■ What the task requires:
Go through the listing and set it down exactly, leaving out its pictures.

■ Information supplied:
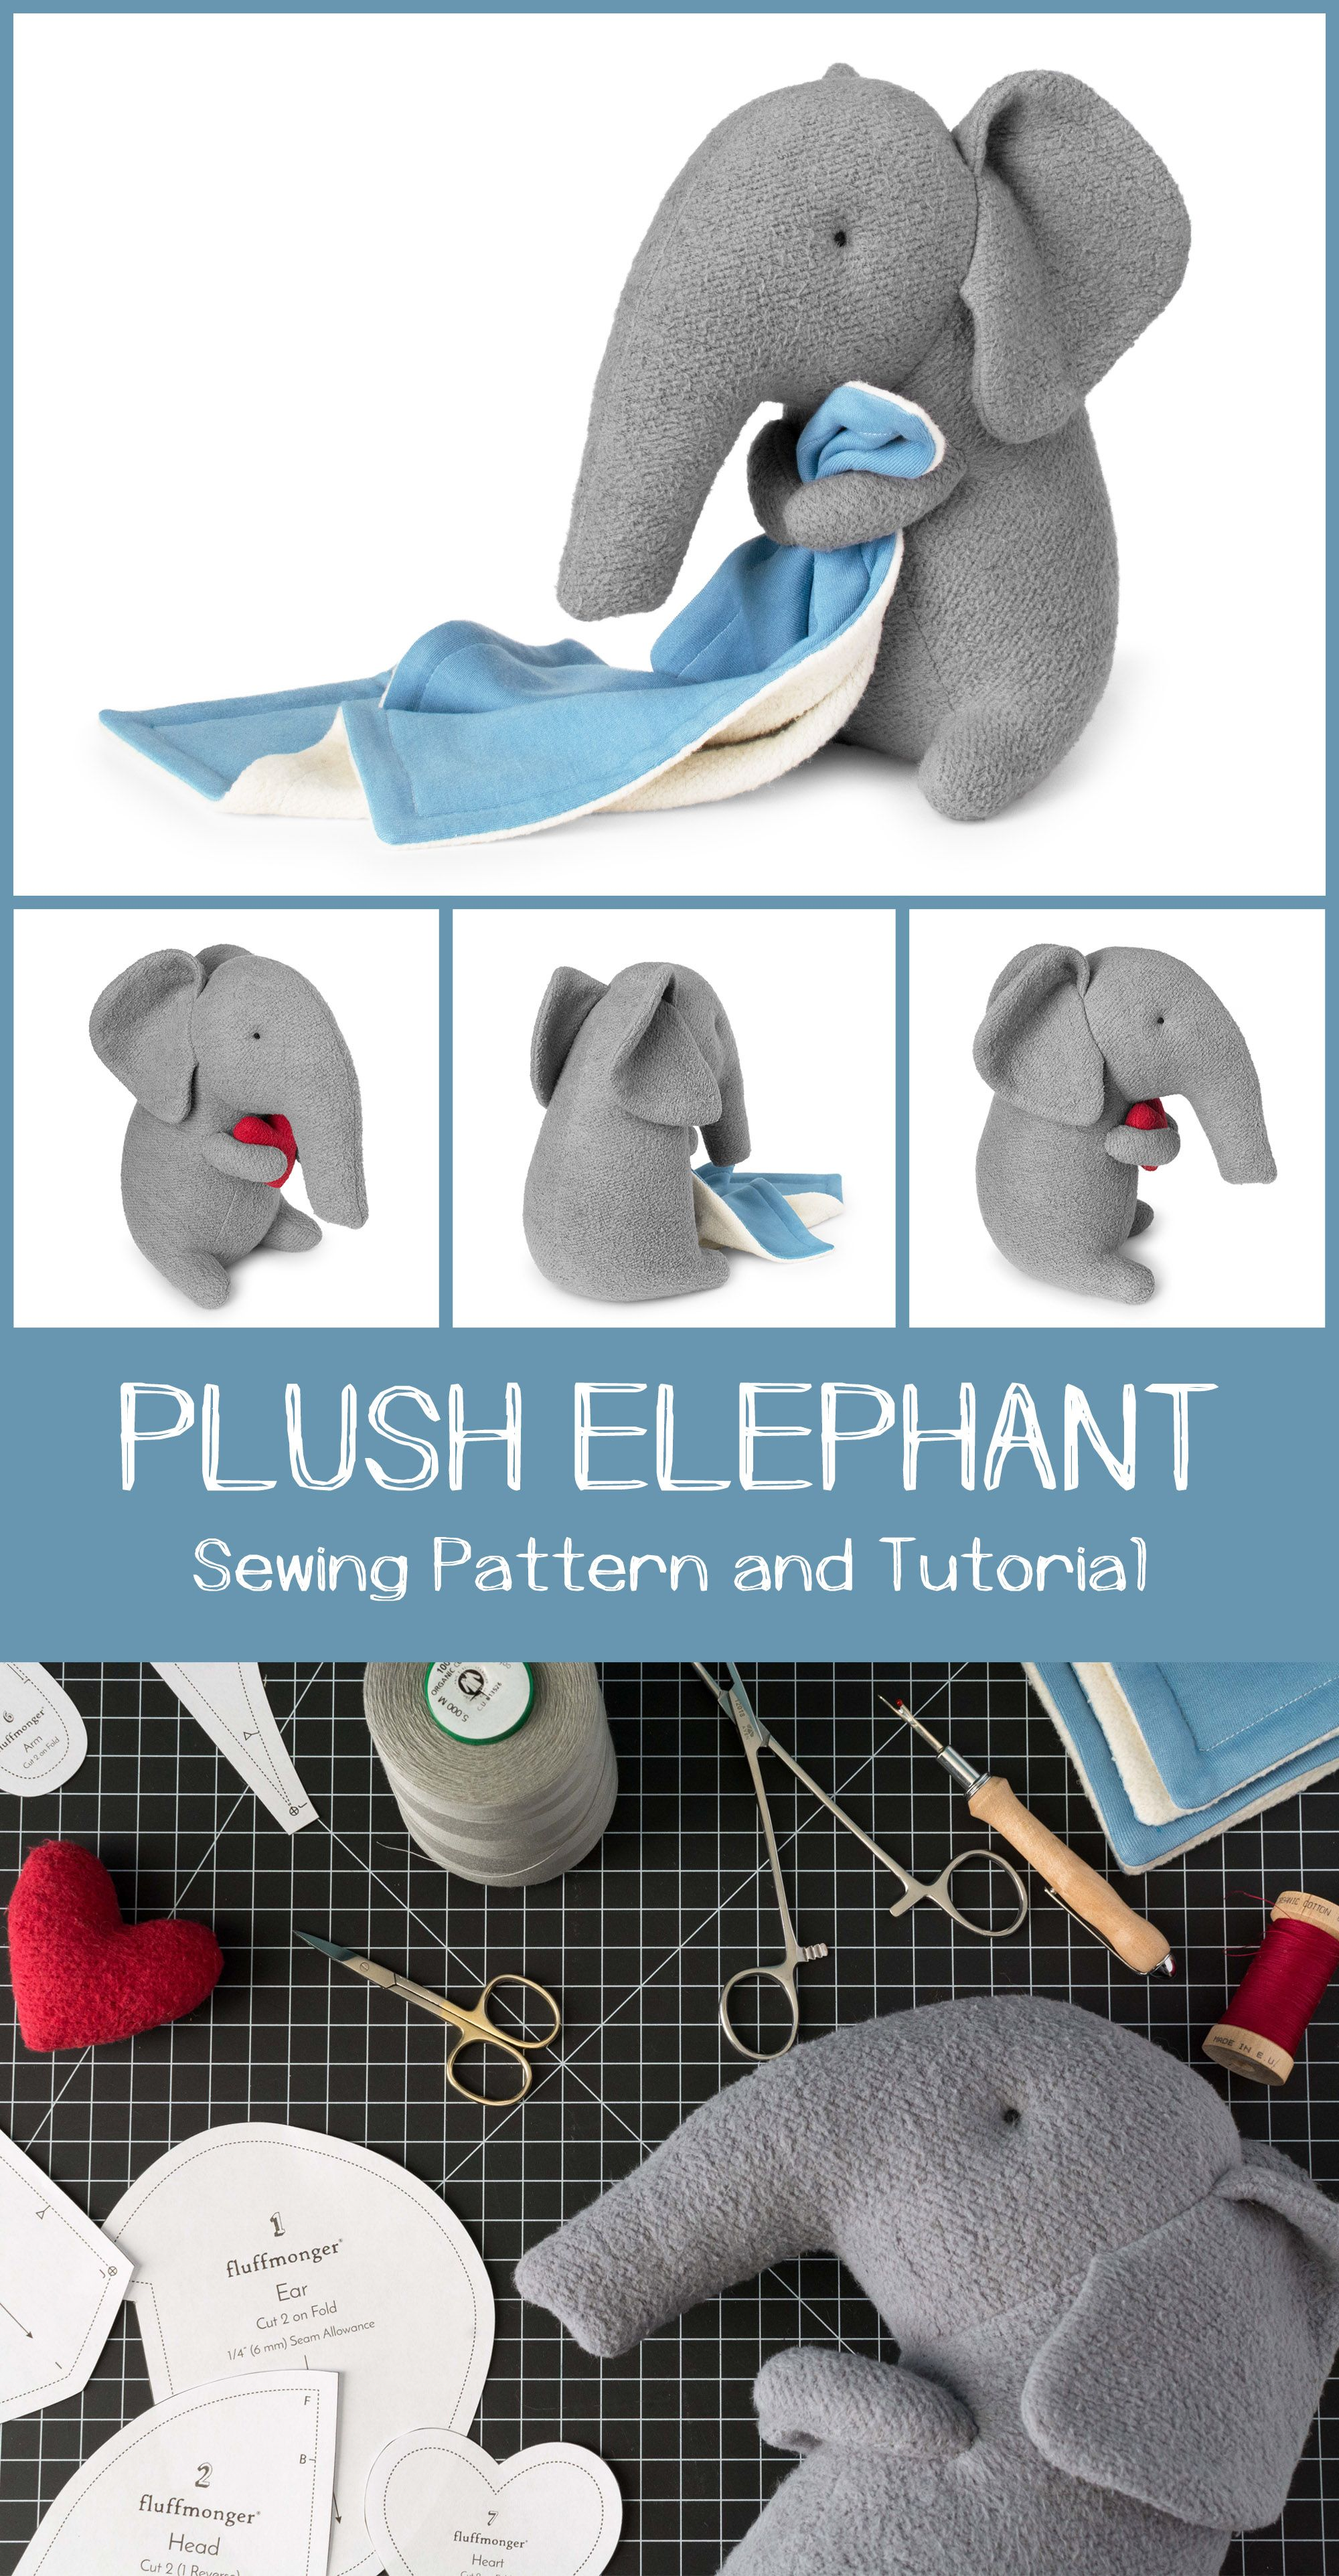 Plush Elephant Sewing Pattern
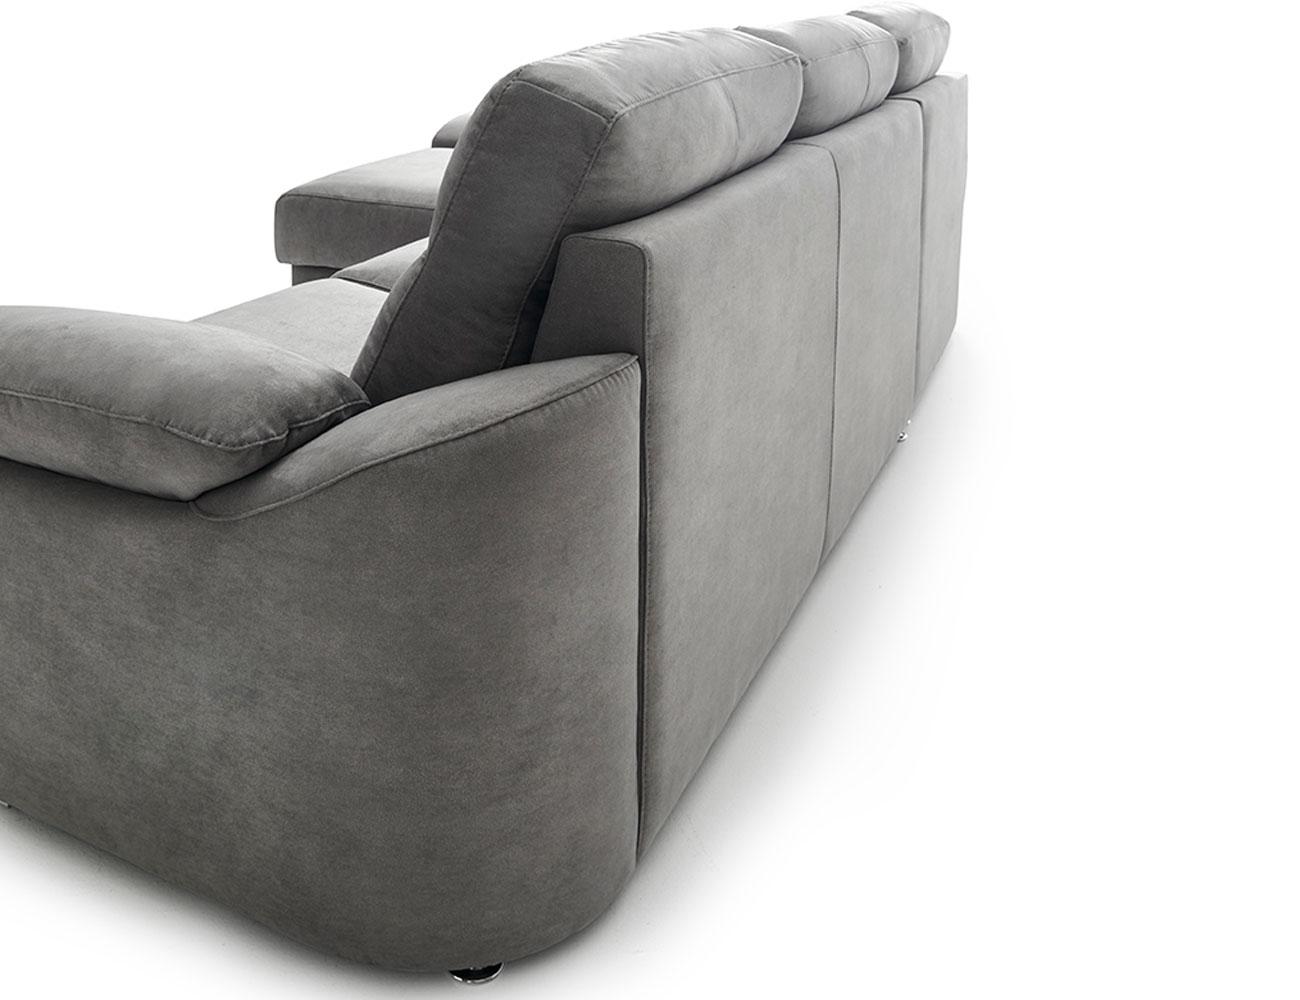 Sofa chaiselongue asientos viscolastica pedro ortiz 2
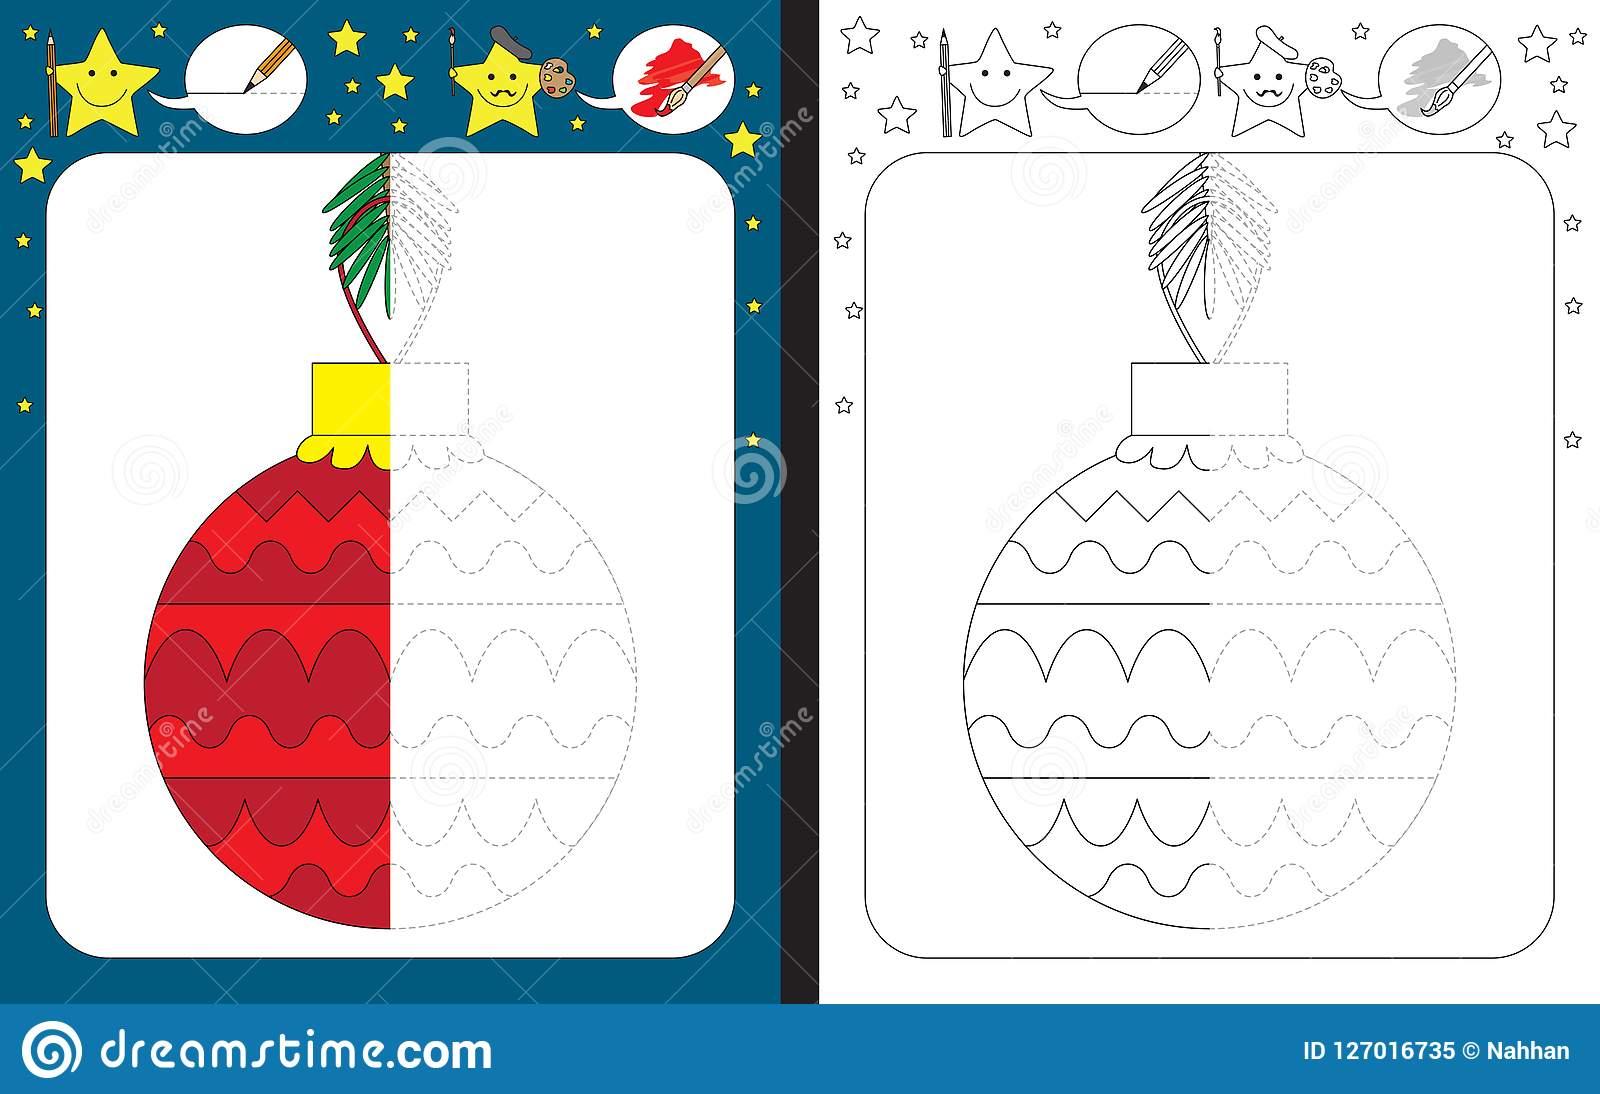 Preschool Worksheet Stock Vector. Illustration Of Line
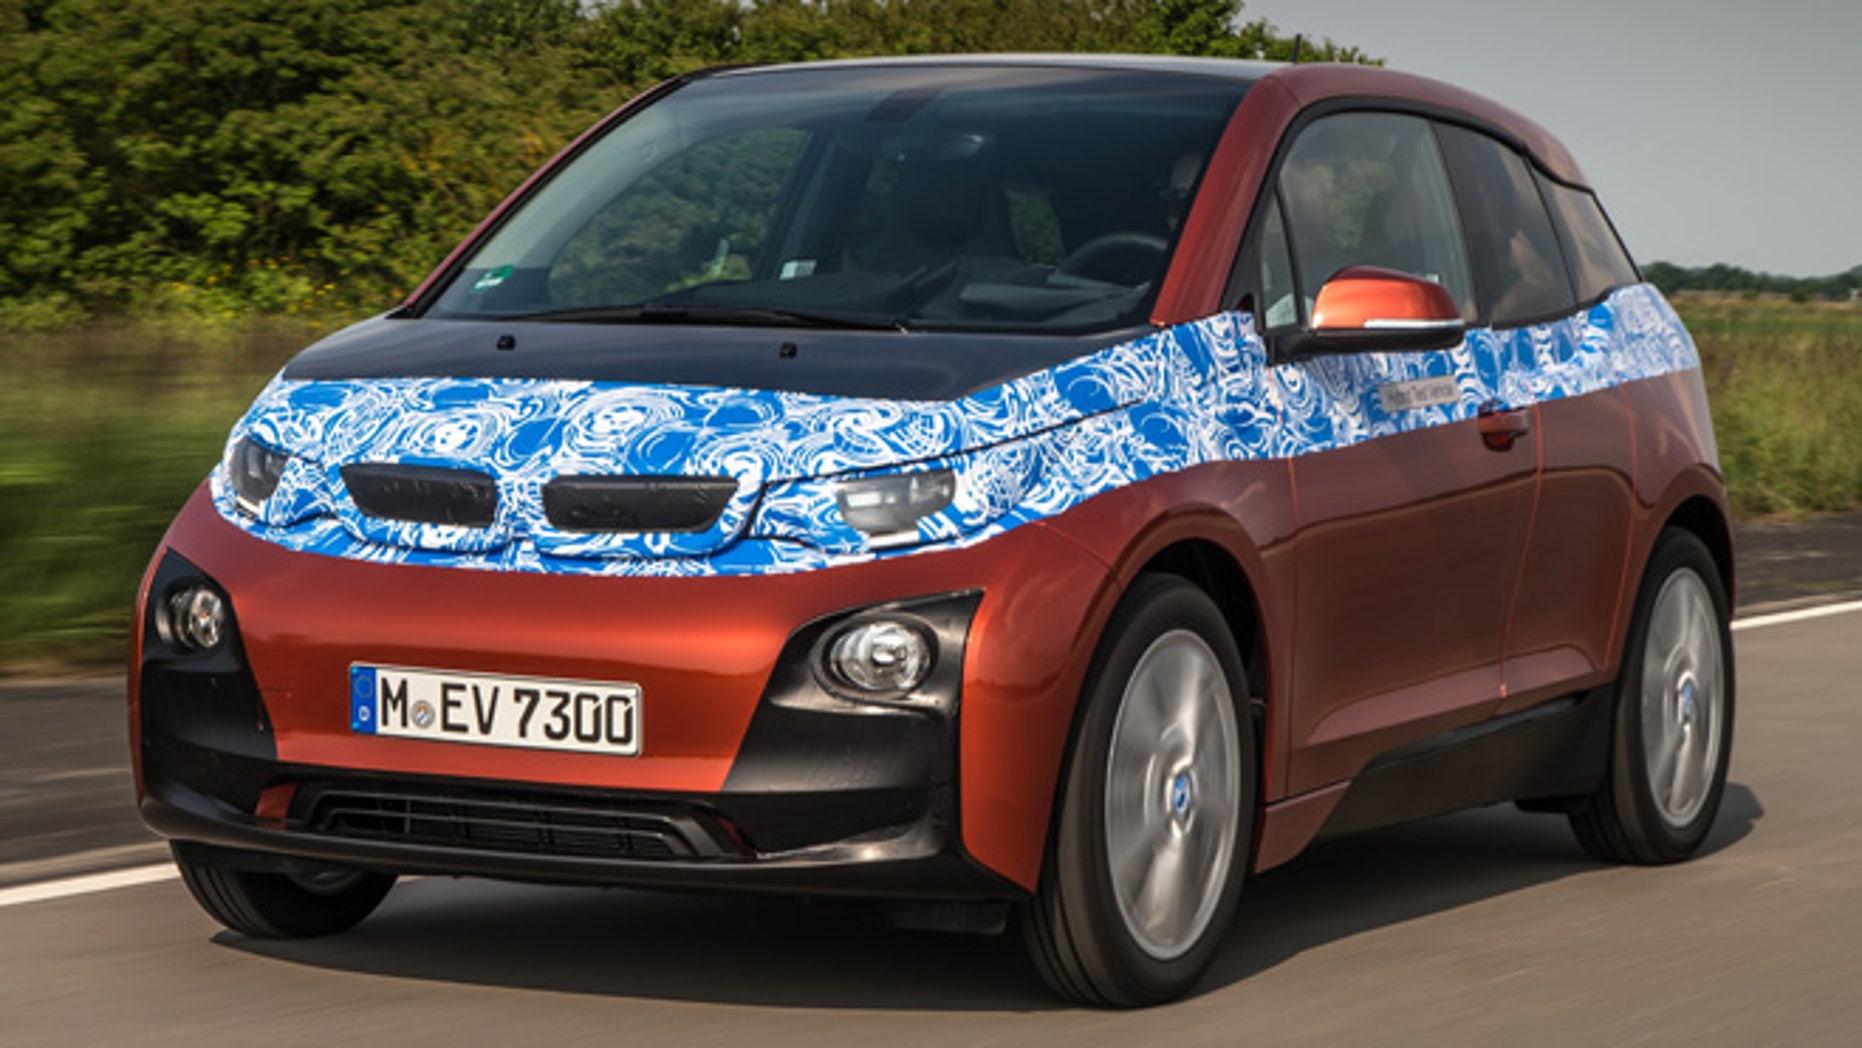 Bmw I3 Electric Car Price Announced Fox News

■ Response to this exercise:
 Plush Elephant Sewing Pattern
 Sofa chaiselongue asientos viscolastica pedro ortiz 2
 Preschool Worksheet Stock Vector. Illustration Of Line
 Bmw I3 Electric Car Price Announced Fox News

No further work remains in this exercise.